Les stimulations non invasives étant utilisées pour de nombreux symptômes et chez les sujets sains, il convient de favoriser la recherche sur les effets et, comme pour les médicaments, d'informer le public de ses résultats. À terme, il faudra exercer une vigilance sur le risque de détournement par certains médecins qui se spécialiseraient en stimulation électrique non invasive pour traiter quantité de symptômes et qui trouveraient là une activité lucrative, d'autant que, pour les sujets sains, le traitement ne serait pas remboursé par l'assurance maladie. Et comme l'accès au médecin est déjà difficile, on pourrait assister à une évolution comparable à celle des dermatologues, très nombreux à ne faire que de la chirurgie plastique et à ne plus répondre aux autres demandes.

J'ajoute qu'en dehors même de l'avis du CCNE, il faut être attentif au domaine de la lutte contre le vieillissement. On connaît de mieux en mieux les mécanismes moléculaires et cellulaires du vieillissement. Dans le sang circulent des facteurs de croissance, comme le GDF11 qui, chez le rongeur, est un sérum de jouvence capable de rajeunir de nombreux viscères comme le cerveau mais aussi le coeur. D'où l'idée de transfuser directement ces médicaments, qui n'existent pas encore mais qui existeront bientôt, ou de faire des transfusions de sang de sujets jeunes. L'injection de sang de souris jeunes chez des souris vieillissantes a conduit à une amélioration de leurs capacités globales et cognitives. Une étude sur l'homme a déjà été publiée aux États-Unis. Alors qu'il n'existe aucune étude chez les modèles Alzheimer de souris avec des transfusions de sang jeune, des patients atteints d'un début de maladie d'Alzheimer ont reçu du plasma de donneurs jeunes de plus de 18 ans, mais cela n'a eu aucun effet. Comment accepter de telles études sans bases précliniques solides ? Le cadre strict de la recherche en France devrait l'éviter, mais il faut faire preuve de vigilance. Nous avons tous entendu parler de cliniques suisses qui proposent des injections de cellules souches, parfois avec quelques effets indésirables. Compte tenu de l'amélioration de notre connaissance des mécanismes du vieillissement, cela devient envisageable.

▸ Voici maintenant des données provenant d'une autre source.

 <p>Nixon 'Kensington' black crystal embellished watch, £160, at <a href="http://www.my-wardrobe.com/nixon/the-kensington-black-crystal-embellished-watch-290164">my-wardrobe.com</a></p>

Mon dernier point concerne les progrès fulgurants de l'intelligence artificielle, qui ne figurent pas dans le rapport sur les neurosciences. Il faut mieux préparer les professionnels de santé à vivre avec des machines « super-intelligentes ». C'est le rôle des universités. Je suis à la retraite, mais quand j'étais chef de service, j'enseignais à mes étudiants que le rôle du médecin est d'abord d'écouter le patient, de transcrire ce qu'il dit en termes médicaux puis de consulter les bases de données pour déterminer le meilleur traitement et les examens à faire. Pour la biologie et l'imagerie, nous savons très bien que l'intelligence artificielle réalise de bien meilleures lectures que l'homme. Le médecin intervient pour conseiller la thérapeutique – lui seul sait que tel malade ne peut pas prendre tel médicament – et lui traduire les données des machines « intelligentes ». Nous avons chacun un corps, la machine n'en a pas. Il faudra mettre l'accent sur ce qui est typiquement humain, c'est-à-dire l'empathie, l'altérité, la compassion. Il faudra former plus fortement les médecins à cela tout en maintenant la formation actuelle, car ils resteront responsables de la mise en oeuvre de ce que la machine leur proposera.